Federal Reserve Chairman Ben S. Bernanke on Thursday cautioned lawmakers against taking any steps that would hurt economic growth as they work to cut the nation’s debt, and he defended the central bank’s recent actions to support the economy.

In testimony before the House Budget Committee, Bernanke urged Congress to put a priority on finding a sustainable level of federal spending over coming decades.

But, he said, they also must “take care not to unnecessarily impede the current economic recovery.” Supporting growth now, he said, “will lead to lower deficits and debt in coming years.”

Bernanke’s comments reflect the heightening concern among lawmakers and on the presidential campaign trail about how to keep the economic recovery on track while trying to rein in the federal debt in the long term. A report this week from the Congressional Budget Office laid bare the consequences if the government moved forward with plans to raise some taxes while slashing funding.

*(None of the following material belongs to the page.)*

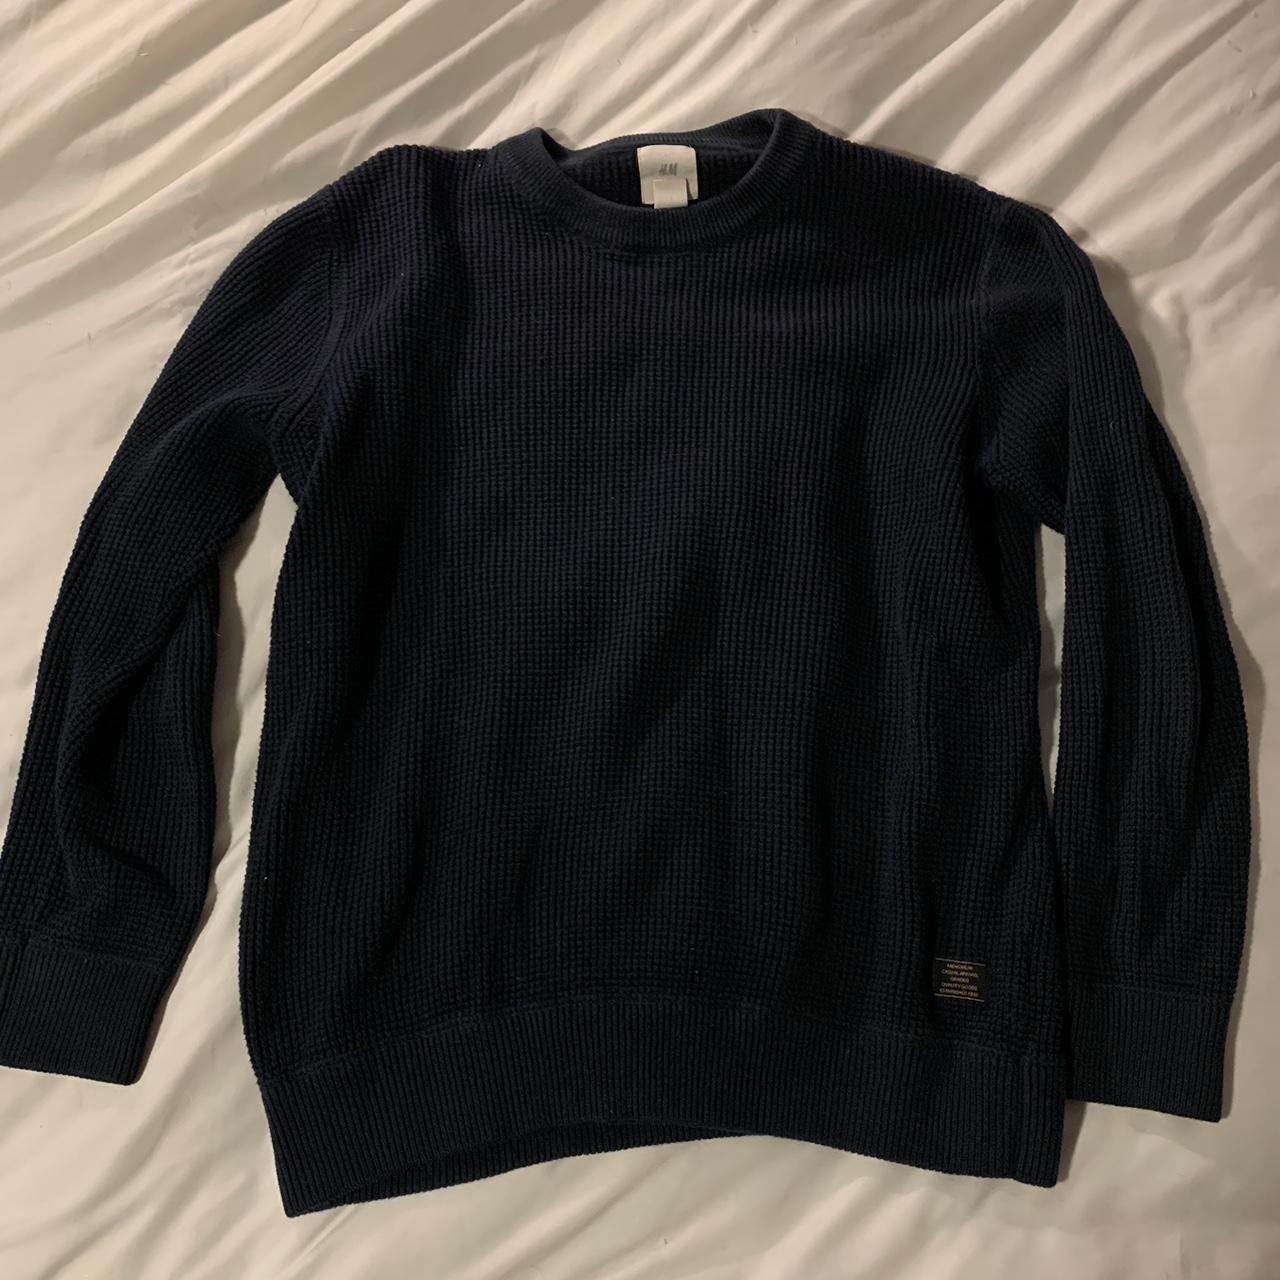 Navy waffle knit sweater - Depop

The CBO said that unless Congress takes new action, most Americans will face higher taxes next year while federal agencies and the Defense Department will both suffer deep spending cuts. Those measures would be a big step forward toward taming the nation’s debt. But they would also trigger a very troubling jump in unemployment from 8.5 percent to 8.9 percent by next fall and to 9.2 percent in 2013, according to the CBO.

Bernanke said in his testimony that he was especially concerned about the jobs market, warning that it will take a long time for unemployment to fall back to sustainable levels. A Fed projection last week suggested that the unemployment rate — which stands at 8.5 percent — could still be above 7.5 percent at the end of 2014.

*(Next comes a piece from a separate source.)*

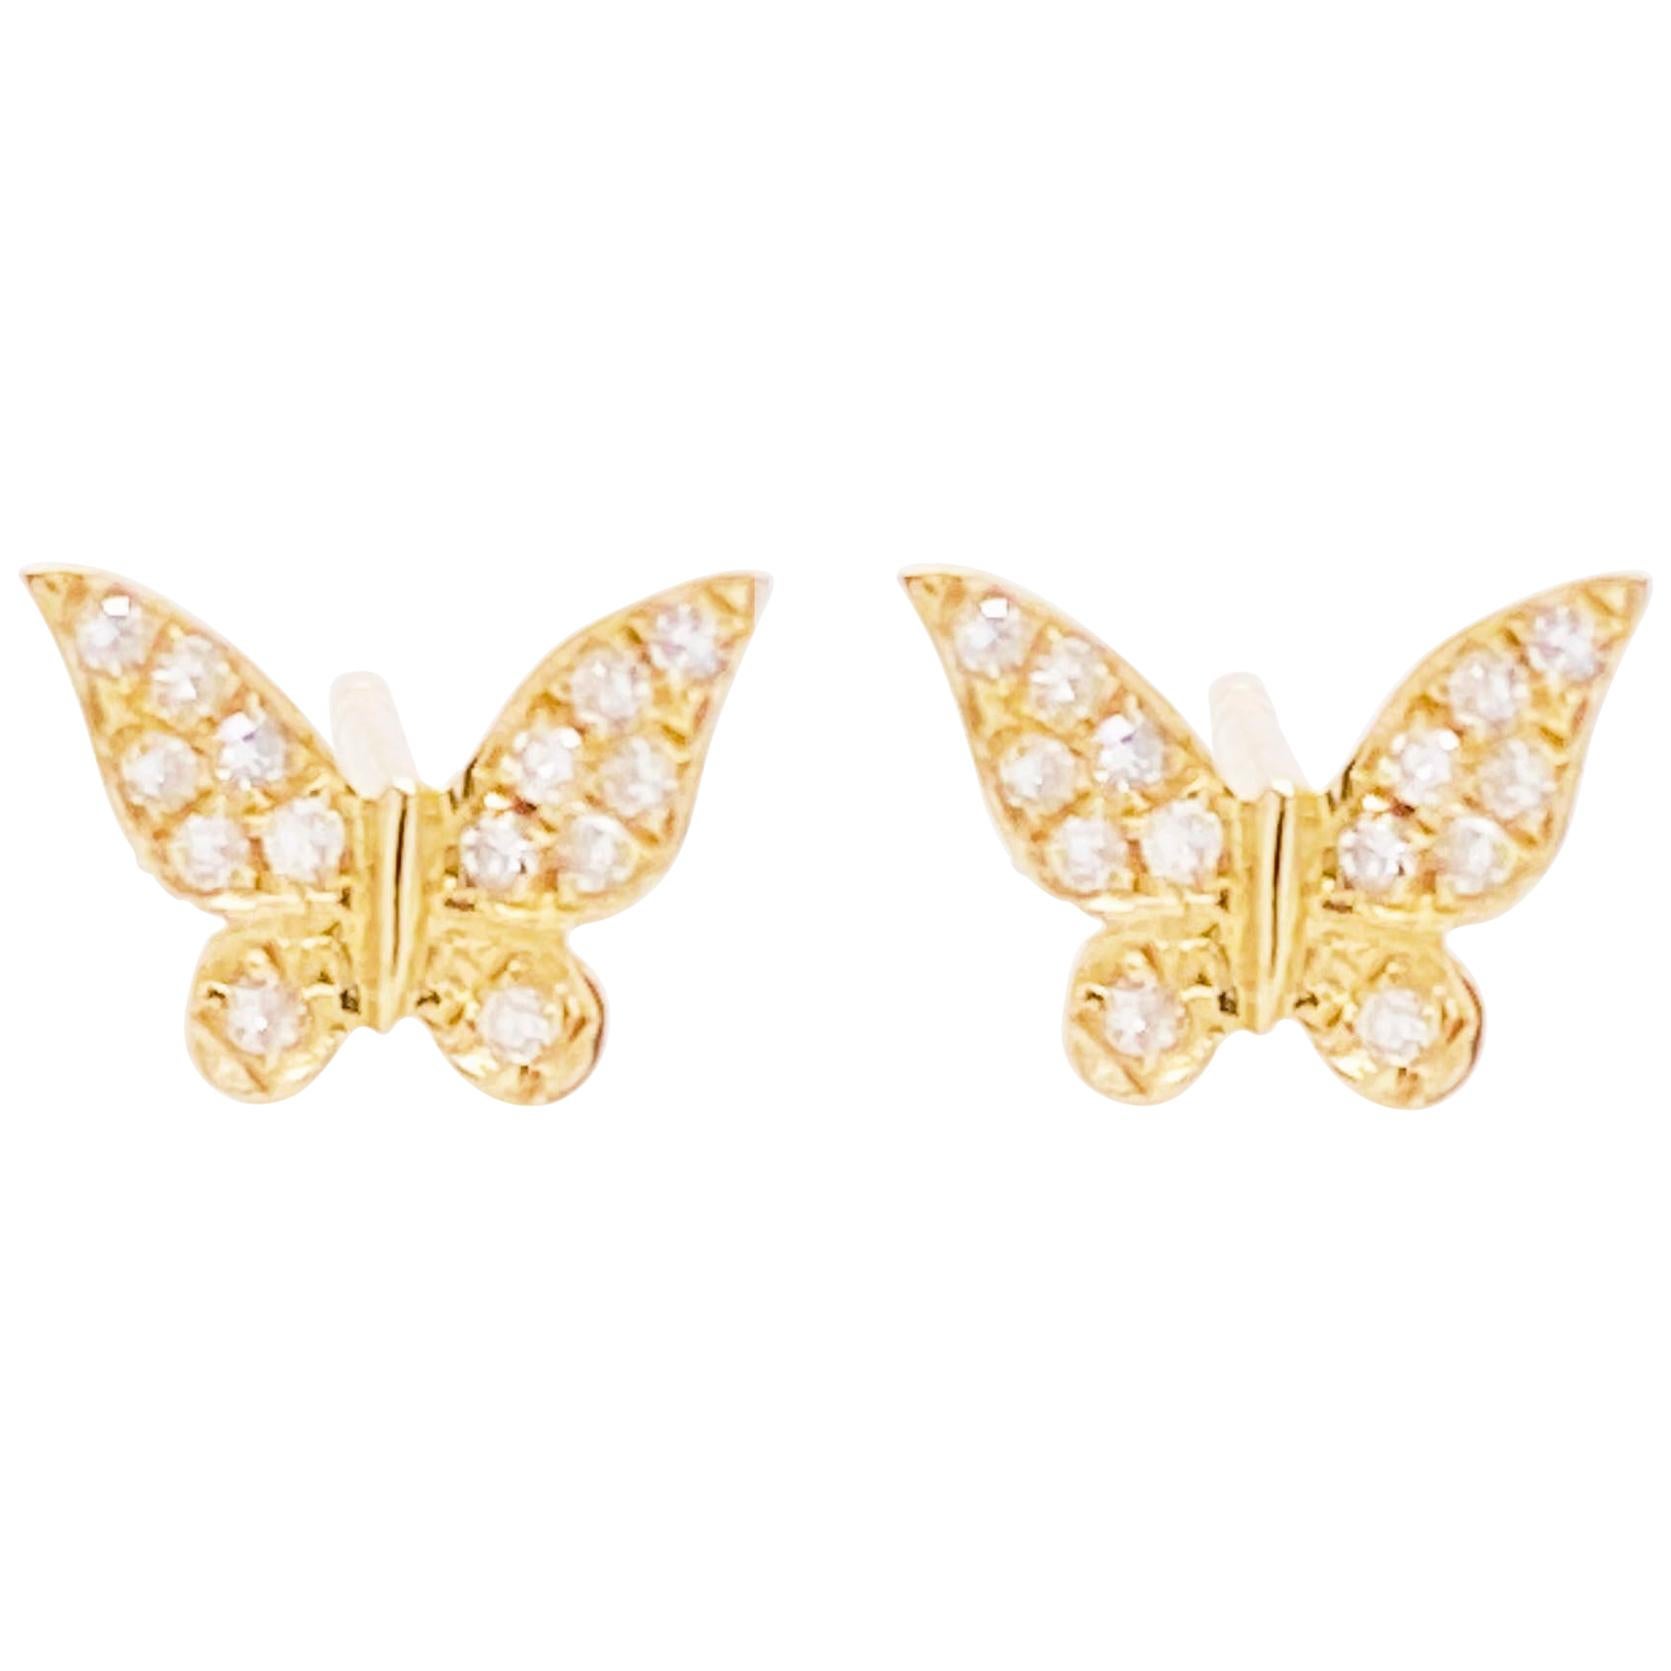 Diamond Butterfly Earrings, 14 Karat Yellow Gold Diamond Stud Earrings, Nature

“Particularly troubling is the unusually high level of long-term unemployment: More than 40 percent of the unemployed have been jobless for more than six months, roughly double the fraction during the economic expansion of the previous decade,” Bernanke told the committee members.

Republicans at the hearing questioned the Fed under Bernanke’s leadership had gone too far to reduce the unemployment rate at the risk of sparking inflation by keeping interest rates near zero.

“This is not because unemployment is a lesser concern, far from it. It is because the Fed’s tools for promoting employment are limited, imprecise and can have highly undesirable unintended consequences,” said House Budget Committee Chairman Paul Ryan (R-Wis.) “By contrast, the Fed is uniquely positioned to protect the currency, the value of our money.”

Bernanke replied that the Fed was not abandoning its mandate to keep prices stable. “We agree that low inflation -- low, stable inflation — is good for the economy, and it’s good for growth,” he said. “Inflation currently looks to be very well controlled. Our expectation is inflation will be below target over the next couple of years.”

Bernanke otherwise said that despite the weak outlook for employment in coming years, more recent data has been positive.

“Fortunately, over the past few months, indicators of spending, production, and job-market activity have shown some signs of improvement,” Bernanke said. “The outlook remains uncertain, however, and close monitoring of economic developments will remain necessary.”

The Bureau of Labor Statistics will release its monthly unemployment figures for January on Friday morning.